Underlying conditions were defined using diagnoses, height and weight measurements, test results, and prescriptions recorded in primary care for the main analysis. Pregnancy status was ascertained from the CPRD Pregnancy Register (Supplementary Table 1, Additional File 1). Individuals with no recorded body mass index were included in the analysis, categorised as having no evidence of severe obesity. For analysis using linked secondary care data, diagnoses and procedures recorded in secondary care were additionally ascertained from ICD-10 and OCPS-4 codes respectively.
Multimorbidity was defined as more than one condition among the following domains: asthma or other chronic respiratory disease; chronic heart disease; chronic kidney disease; chronic liver disease; chronic neurological disease; diabetes; or immunosuppression (including individuals with dysplenia and organ transplant recipients).

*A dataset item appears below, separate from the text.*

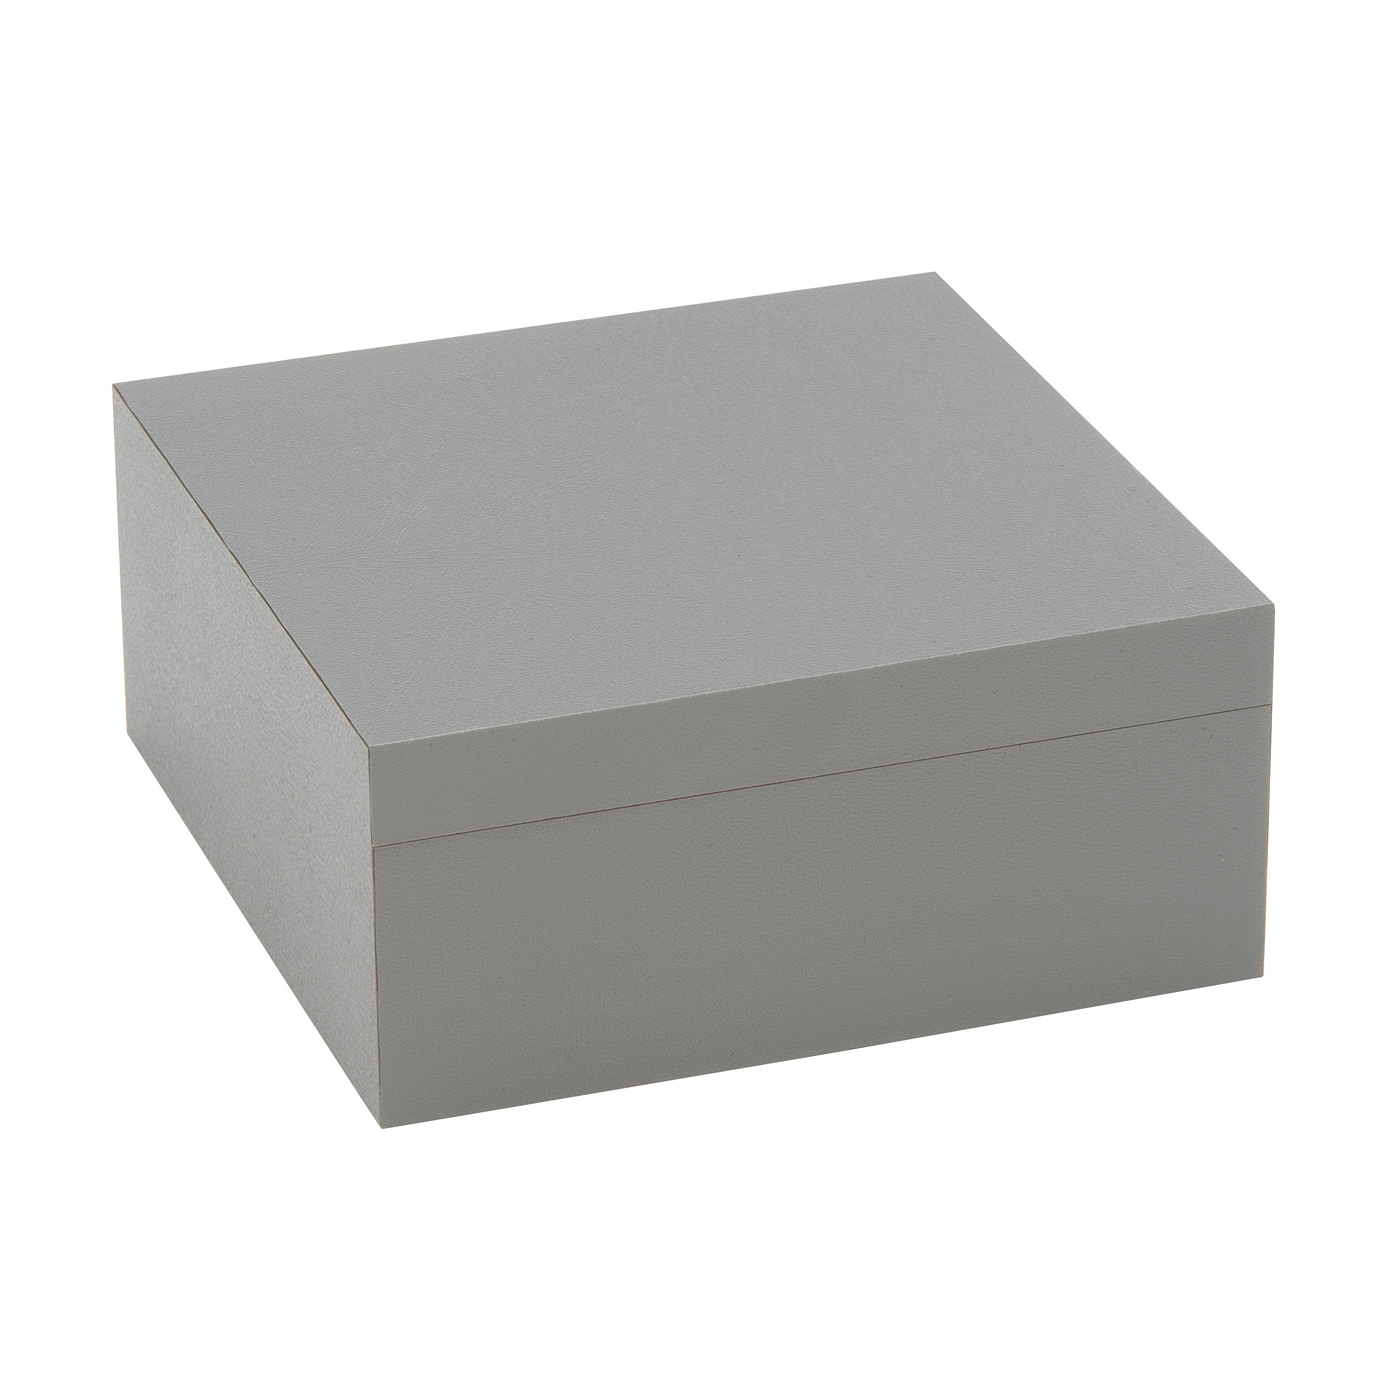 Jewellery Packaging "Greybox", 90 x 90 x 40 mm - 1 piece

Cancer survivors have an increased risk of COVID-19 mortality but non-haematological cancer survivors are only included in current COVID-19 guidance if receiving immunosuppressing treatment (Table 1) [2]. Separately to the study at-risk definition we described prevalence of any new cancer diagnosis in the past one and five years, as cancer survivors may be at increased risk of COVID-19 related death [2].
Statistical analysis
Point prevalence estimates of the at-risk population and each underlying condition on 5 March 2019 were calculated per 100,000 with binomial exact 95% confidence intervals, for each nation in the UK. The at-risk population prevalence was stratified by sex and age, categorised in 5-year bands except 2–9 years and 90–99 years. Prevalence estimates for the at-risk population and each condition were stratified by age and region, separately and in combination. Prevalence values with fewer than five individuals were suppressed to preserve confidentiality.

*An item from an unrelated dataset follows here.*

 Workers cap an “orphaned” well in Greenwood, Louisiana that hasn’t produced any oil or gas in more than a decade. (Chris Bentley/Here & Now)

For additional analysis estimating the size of the at-risk population including all individuals aged ≥70 years, the at-risk prevalence among individuals aged 2–69 years was age-standardised in 5-year bands, and added to the population aged ≥70 years, using mid-2019 national population estimates [22]. Comparison of prevalence in 2014 to 2019 was stratified by region to account for the change in regional representation of the dataset over time. The point prevalence of pregnancy and underlying health conditions was estimated among women aged 11–49 years on 5 March 2014. Prevalence estimates with and without linked secondary care records were compared among individuals at practices in England which had consented to data linkage.
Sensitivity analyses
CPRD GOLD was nationally representative by age and sex in March 2011 [17]. To update this assessment, the 2019 study population was compared to mid-2019 national population estimates, and 2019 at-risk prevalence estimates directly age-standardised in five-year bands using mid-2019 population estimates for each nation [22].
The main analysis included individuals eligible for any period of time between 1 January and 5 March 2019. Individuals who left CPRD between 1 January and 5 March would not subsequently have had new diagnoses recorded, which could underestimate point prevalence on 5 March. As a sensitivity analysis, at-risk prevalence was estimated with the study population restricted to individuals who were still registered in CPRD on 5 March 2019.
All analysis was conducted using STATA 16 MP.